According to Edwards, Philip Hefner sees the human being as a symbiosis of genes and culture. Religion is the central dimension of culture. In view of the ecological crisis we have brought about we need a theology of the human as created co-creator. Hefner views original sin in terms of the discrepancy in the information coming from our genes and our culture, including a clash in us between altruism and genetic selfishness. He also suggests that original sin can be understood in terms of the fallibility and limitation that are essential to human evolution and freedom. Though these are good, they are always accompanied by failure. The religious traditions carry altruistic values, particularly trans-kin altruism, and the biblical commandments ground altruism ultimately in God.

Edwards believes that Hefner’s evolutionary insights genuinely illuminate the human condition and the Christian understanding of concupiscence. He argues, however, that discrepancy and fallibility are not in themselves sin. Instead, following Rahner, he distinguishes between the disorder of sin and the disorder that is intrinsic to being human. The former comes from our rejecting God. The latter results from our being both spiritually and bodily finite; it is a form of concupiscence that is morally neutral and not in itself sinful. Our existential state is constituted by both disorders. Edwards finds Hefner’s insight as bearing on our natural, but not our sinful, disorder: the structure of the human, though a fallible symbiosis of genes and culture, is not in itself sin. In addition, Edwards suggests that our genetic inheritance can carry messages essential for human life while culture and religion can carry messages of evil. This means that selfishness and sin cannot be identified strictly with our biological side, and unselfish behavior cannot be identified entirely with our cultural side.

With regard to grace, Edwards writes that, while altruism is a radical dimension of divine and human love, it does not express the ultimate vision of that love. Indeed, indiscriminate calls to altruism and self-sacrifice can function to maintain oppression, as feminist theologians have stressed. Moreover, in a trinitarian doctrine of God, love is revealed most radically in mutual, equal, and ecstatic friendship. So, though Hefner sees altruistic love as holding the status of a cosmological and ontological principle, Edwards sees persons-in-mutual-relations as having this status. Drawing on the writings of John Zizioulas, Walter Kasper, and Catherine Mowry LaCugna, Edwards suggests that if the essence of God is relational and if everything that is springs from persons-in-relation, then this points towards an ontology which he calls “being-in- relation.” Moreover, such an ontology is partially congruent with evolutionary biology, including its stress on cooperative, coadaptive, symbiotic, and ecological relations. Contrary to Theissen and McFague who tend to oppose natural selection and the Gospel, Edwards wants the “Christic paradigm” to view God as continuously creating through the processes of evolution.

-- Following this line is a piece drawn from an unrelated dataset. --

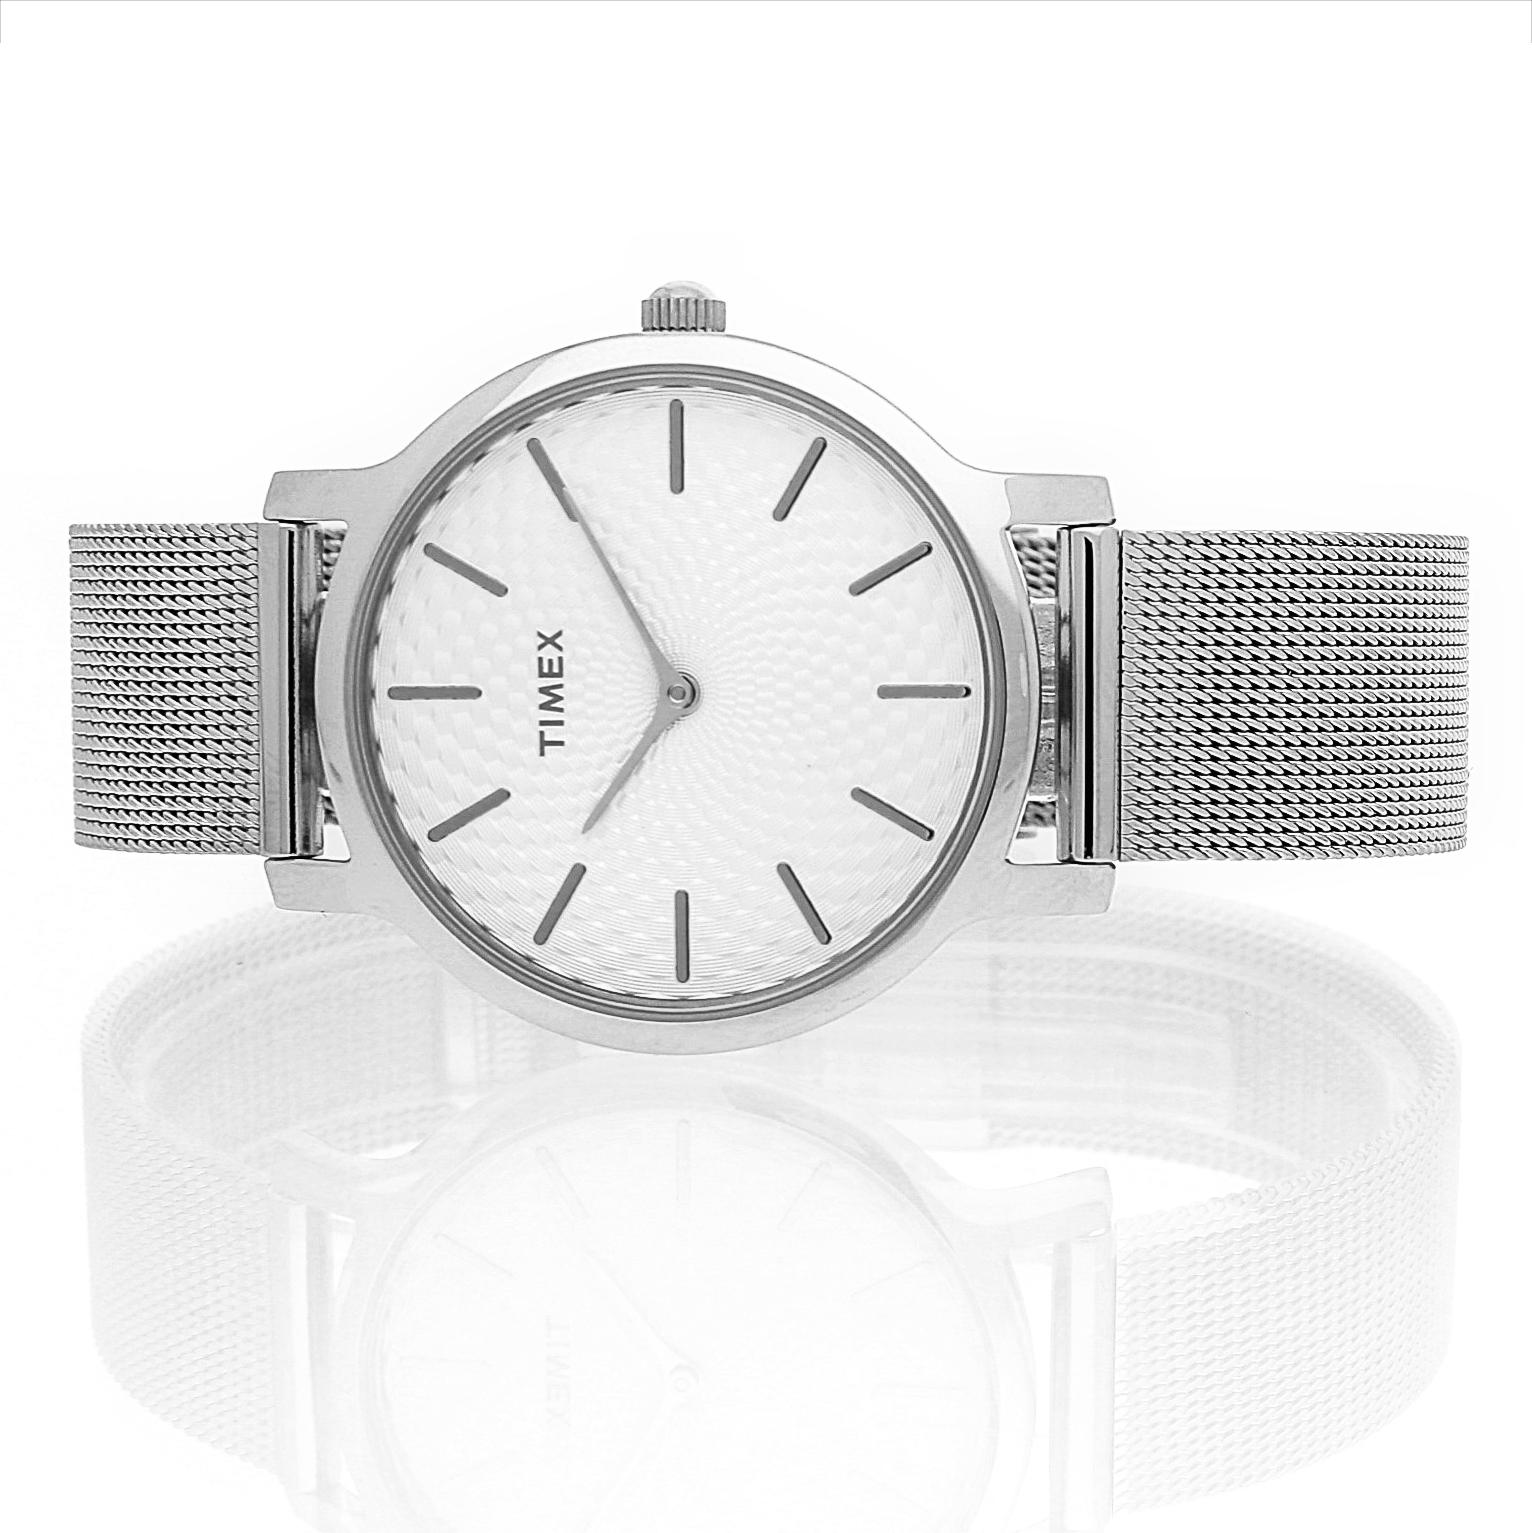 Zegarek damski Timex metropolitan TW2R36200 - duże 5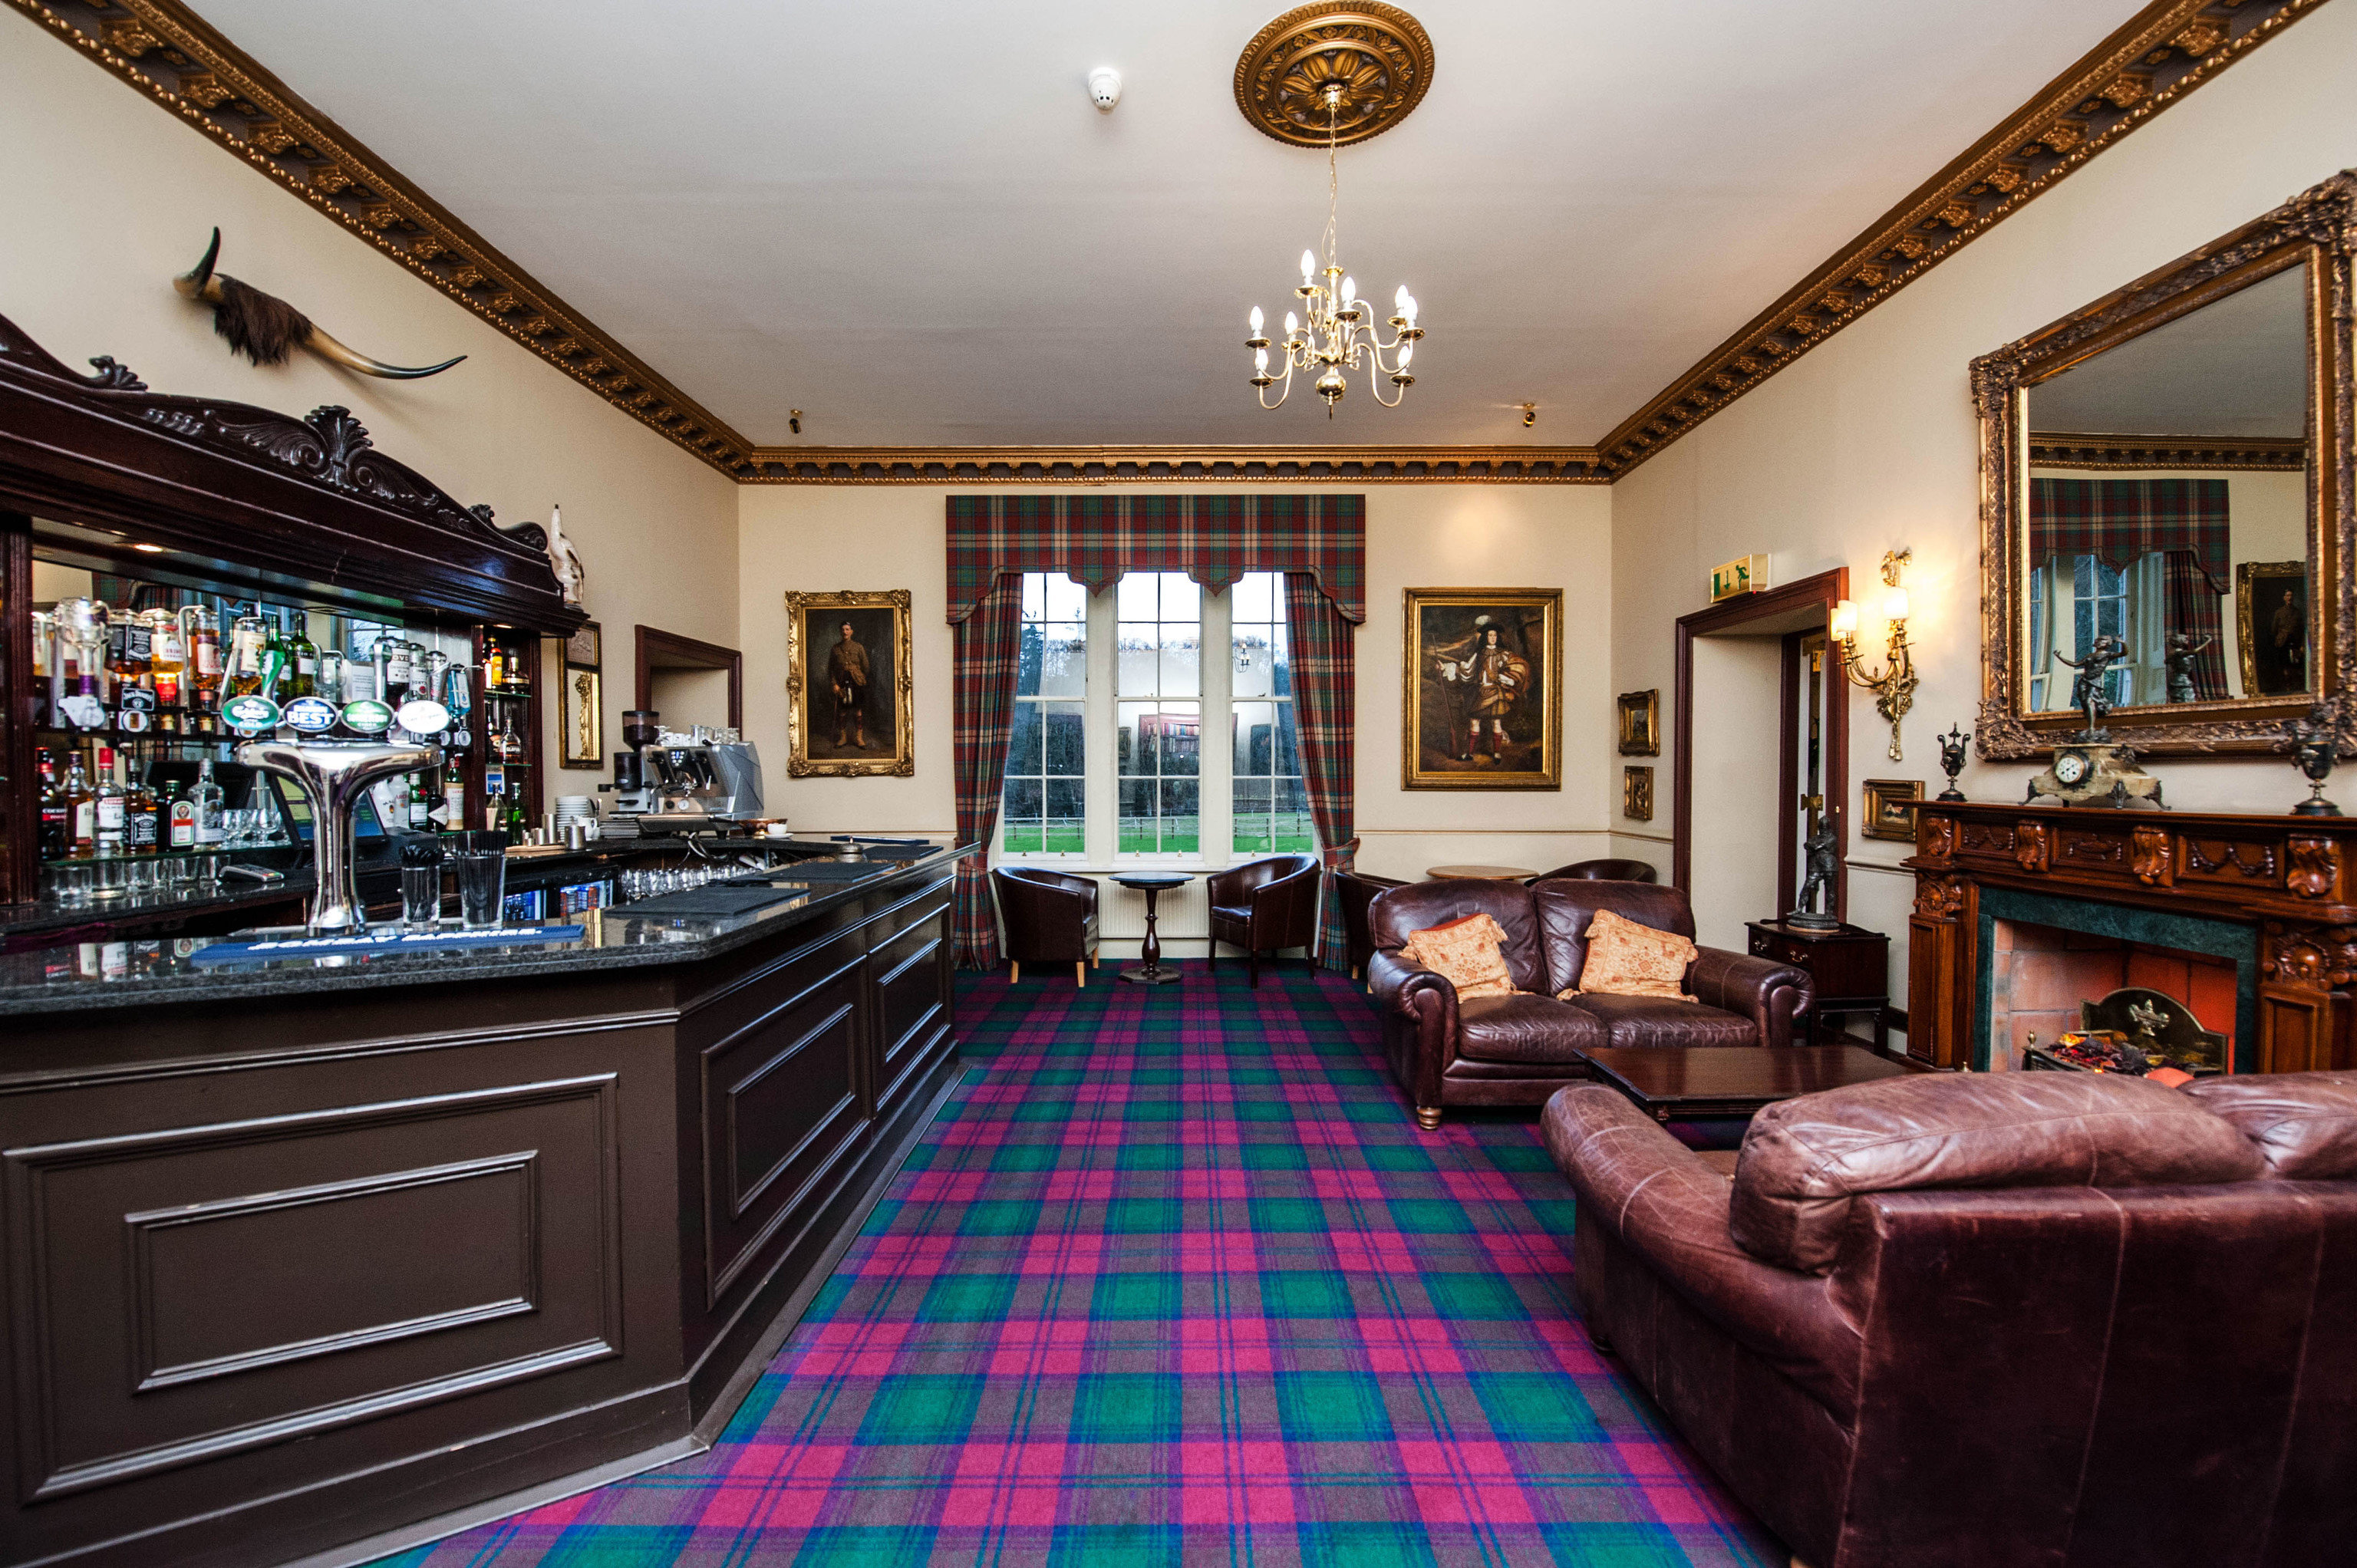 property recreation room billiard room home Lobby living room mansion Resort

Still the struggle and pain of evolution leads Edwards to face the challenge of theodicy. Following Thomas Tracy, he first suggests that natural selection needs to be considered in non- anthropomorphic and non-moral terms as an objective process in nature, like nucleosynthesis in stars. Theodicy is no more intense a problem for natural selection than it is to all such processes, including death when understood as essential to evolution and life. The trinitarian God who creates through natural selection needs to be understood not only as relational but also as freely accepting the limitations found in loving relationships with creatures. The Incarnation and the Cross point to a conception of God related to natural selection through unthinkable vulnerability and self-limitation. The God of natural selection is thus the liberating, healing, and inclusive God of Jesus. This God is engaged with and suffers with creation; at the same time, creatures participate in God’s being and trinitarian relationships.